=== Section Start ===
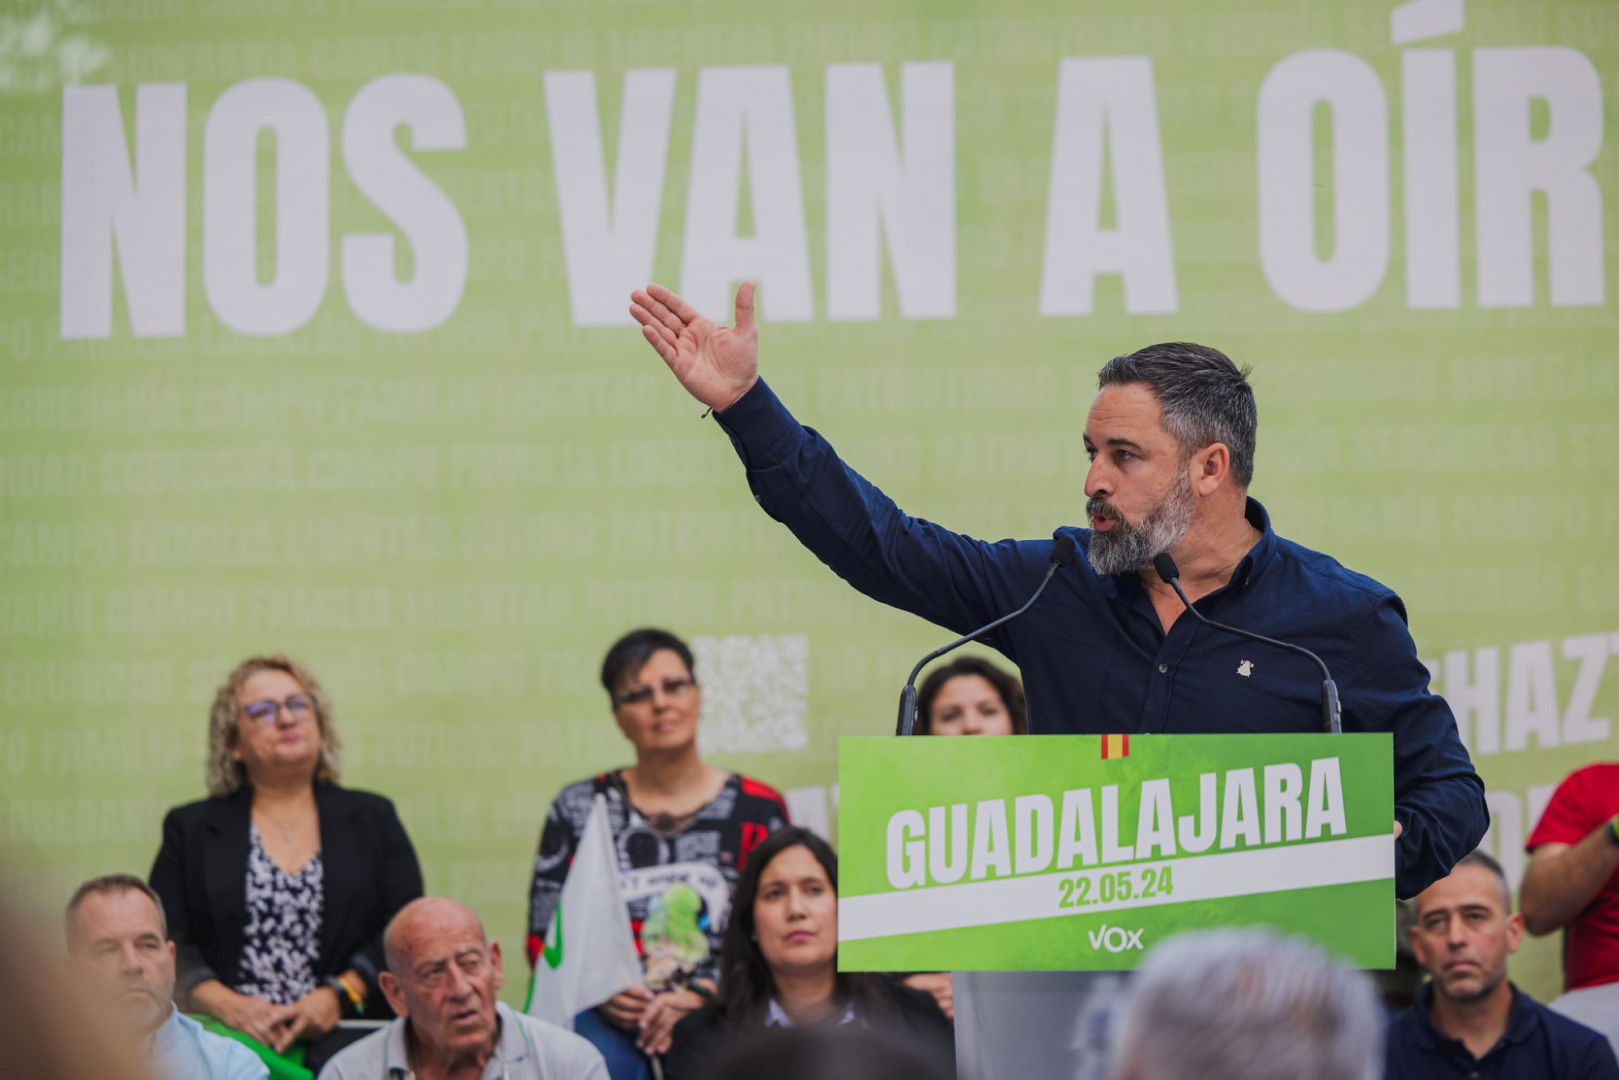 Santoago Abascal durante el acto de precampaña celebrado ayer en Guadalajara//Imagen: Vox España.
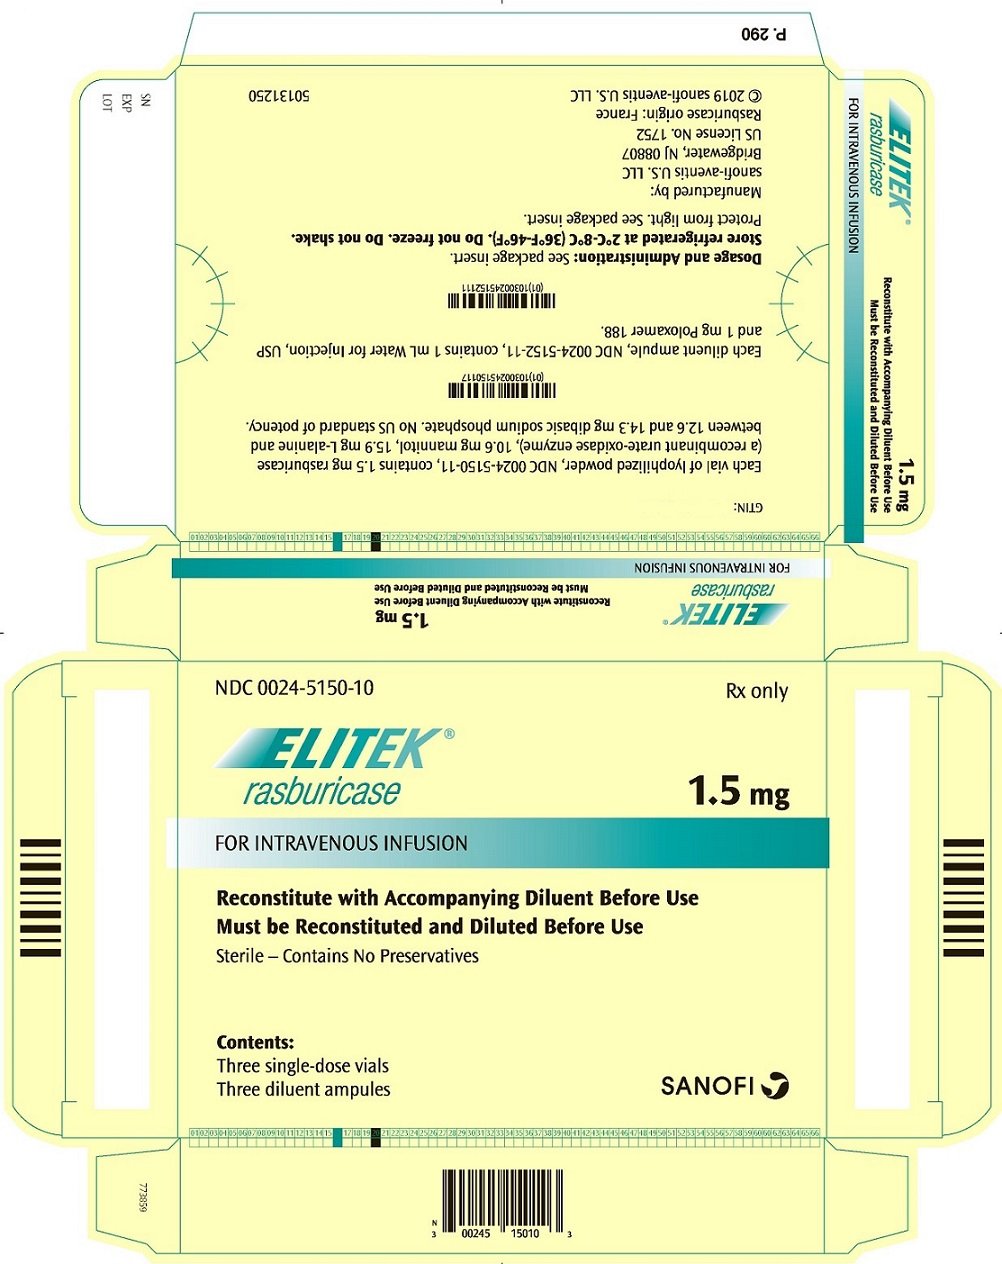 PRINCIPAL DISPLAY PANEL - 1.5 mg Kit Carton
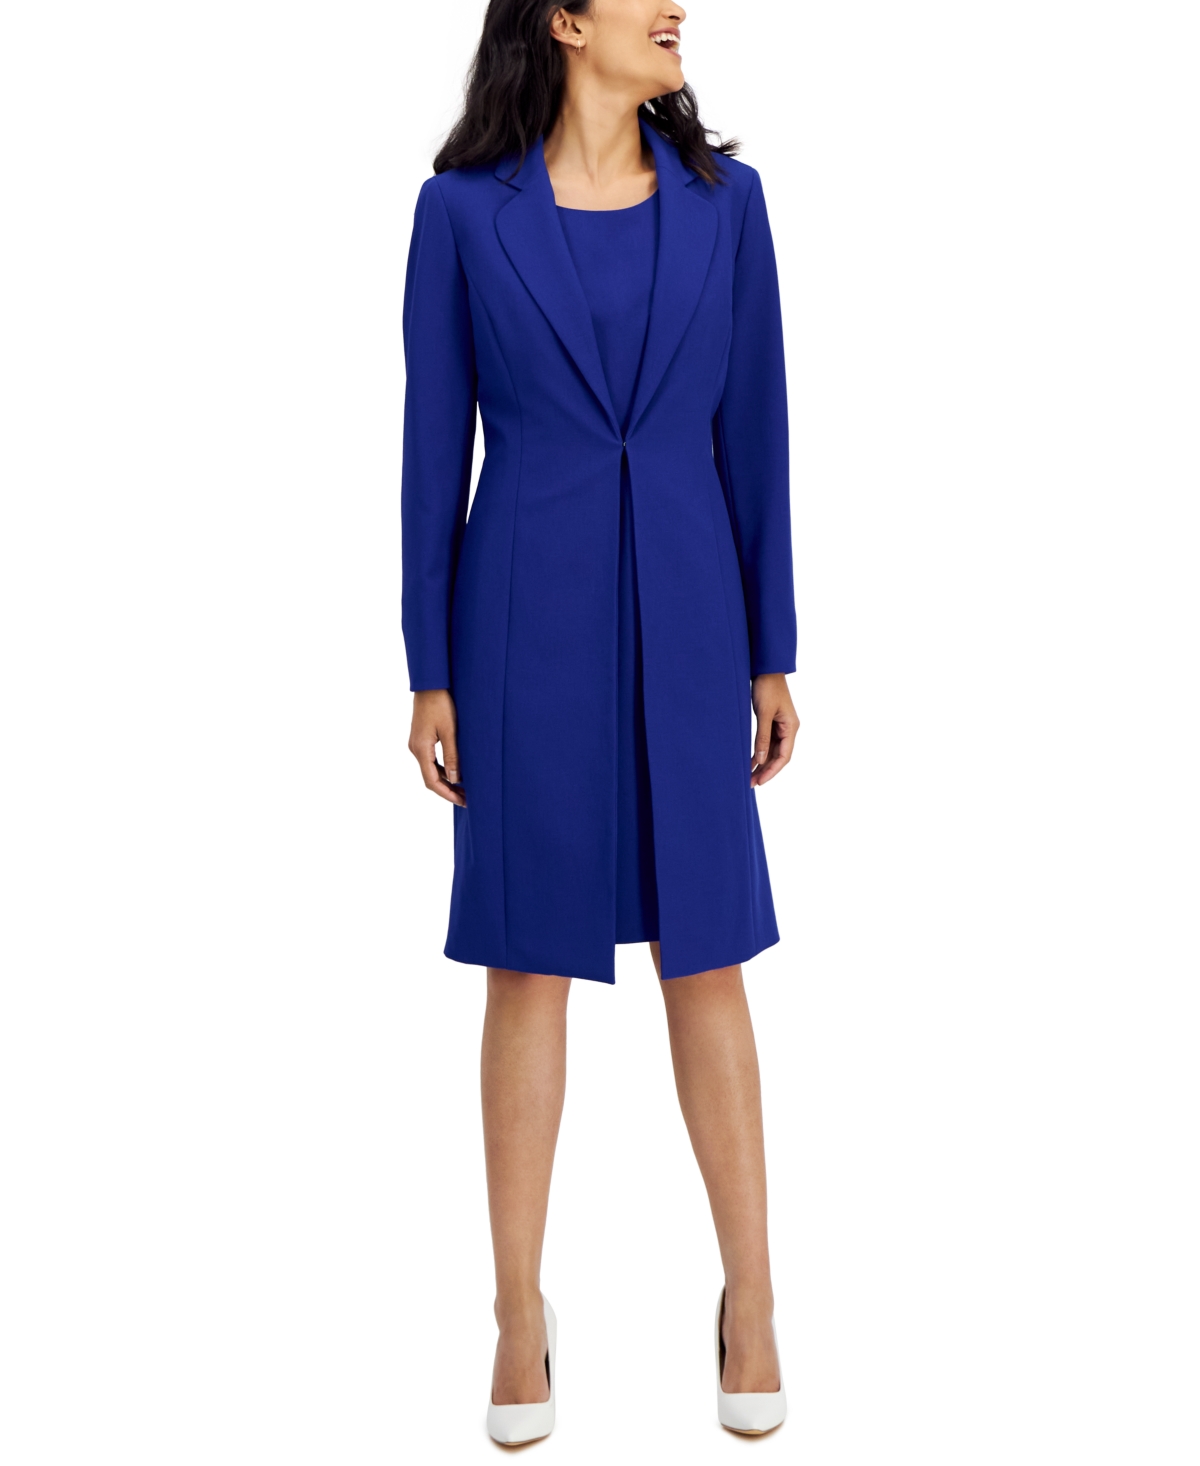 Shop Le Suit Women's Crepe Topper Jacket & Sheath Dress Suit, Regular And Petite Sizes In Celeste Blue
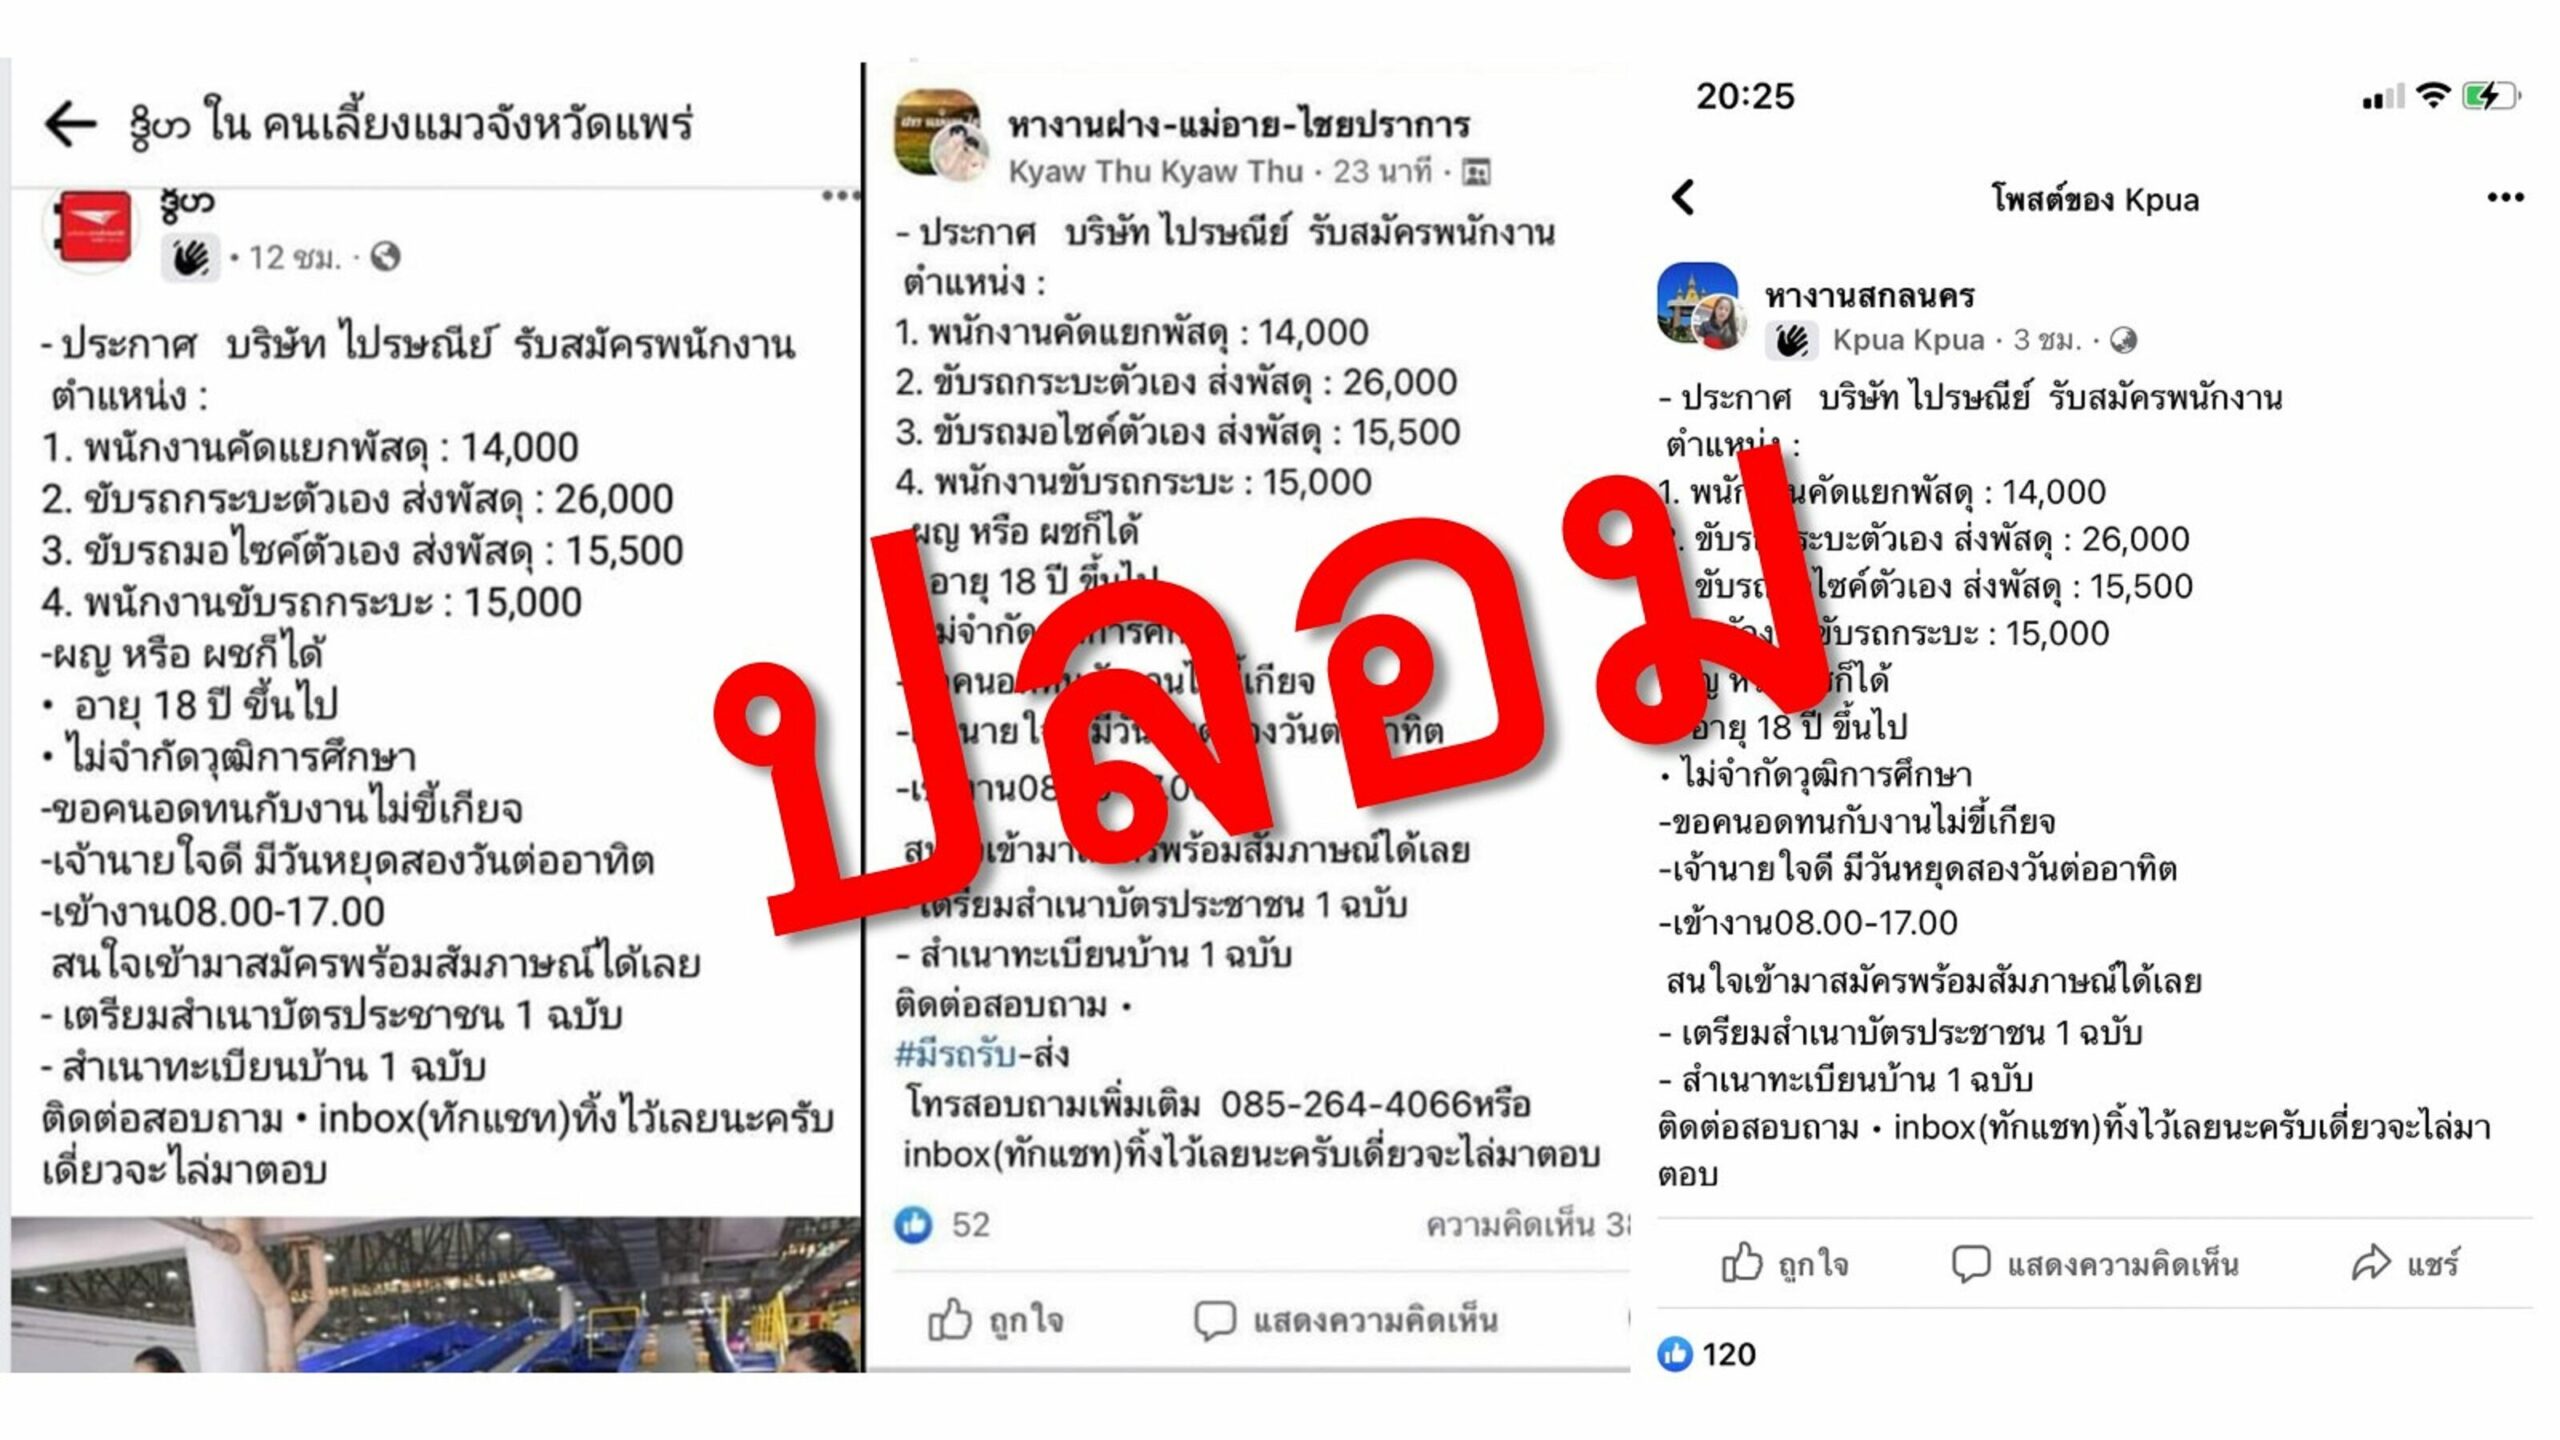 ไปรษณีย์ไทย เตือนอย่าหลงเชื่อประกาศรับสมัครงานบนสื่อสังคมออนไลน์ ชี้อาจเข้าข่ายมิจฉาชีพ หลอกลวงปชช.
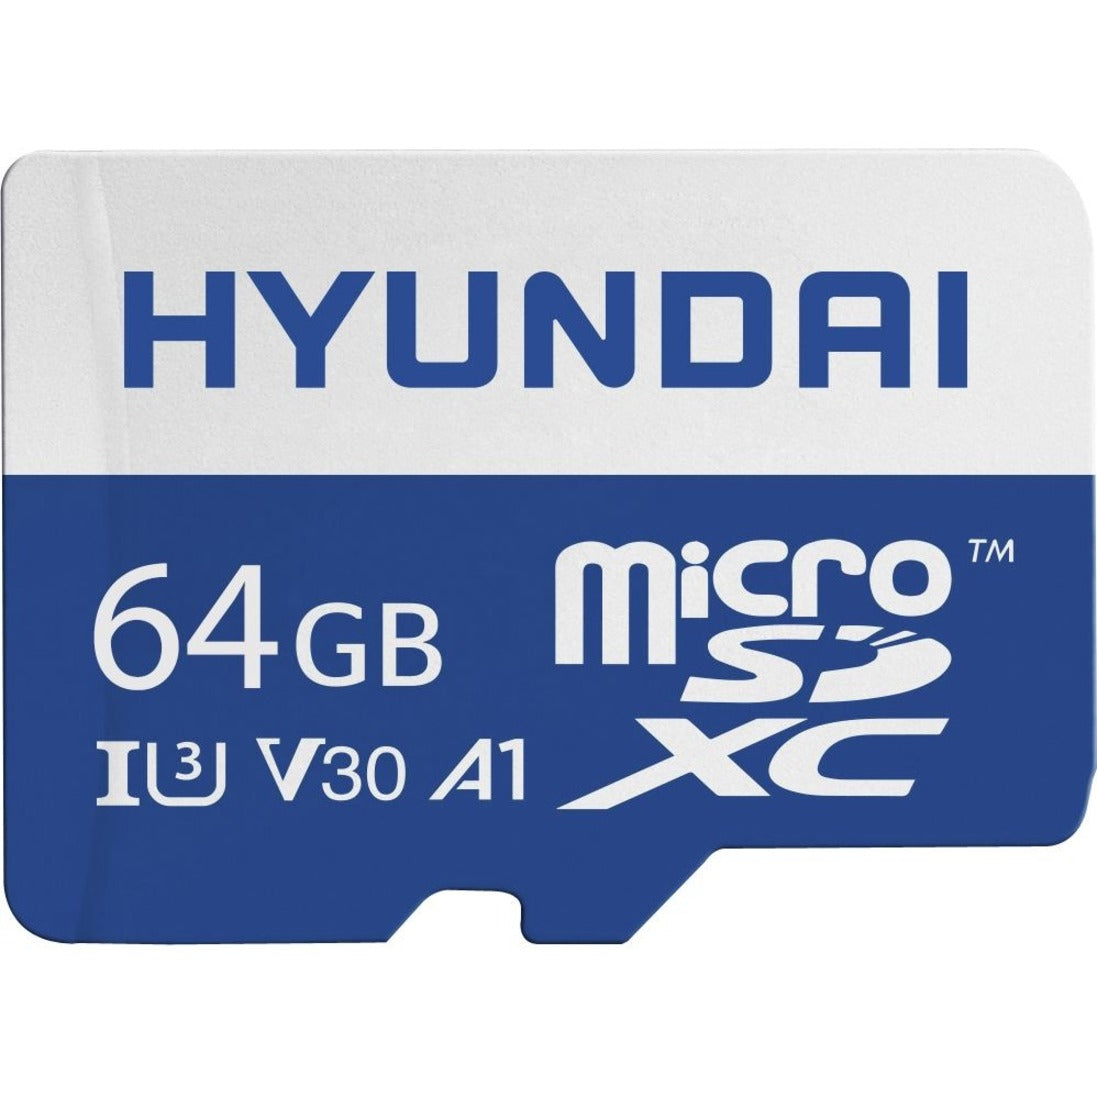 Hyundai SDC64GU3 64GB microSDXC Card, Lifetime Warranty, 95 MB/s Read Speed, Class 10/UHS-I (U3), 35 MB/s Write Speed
=== Section End ===
The answer must be the full listing, restated word for word, with no pictures in it.

 Santoago Abascal durante el acto de precampaña celebrado ayer en Guadalajara//Imagen: Vox España.
 PRINCIPAL DISPLAY PANEL - 1.5 mg Kit Carton
 Shop Le Suit Women's Crepe Topper Jacket & Sheath Dress Suit, Regular And Petite Sizes In Celeste Blue
 ไปรษณีย์ไทย เตือนอย่าหลงเชื่อประกาศรับสมัครงานบนสื่อสังคมออนไลน์ ชี้อาจเข้าข่ายมิจฉาชีพ หลอกลวงปชช.
 Hyundai SDC64GU3 64GB microSDXC Card, Lifetime Warranty, 95 MB/s Read Speed, Class 10/UHS-I (U3), 35 MB/s Write Speed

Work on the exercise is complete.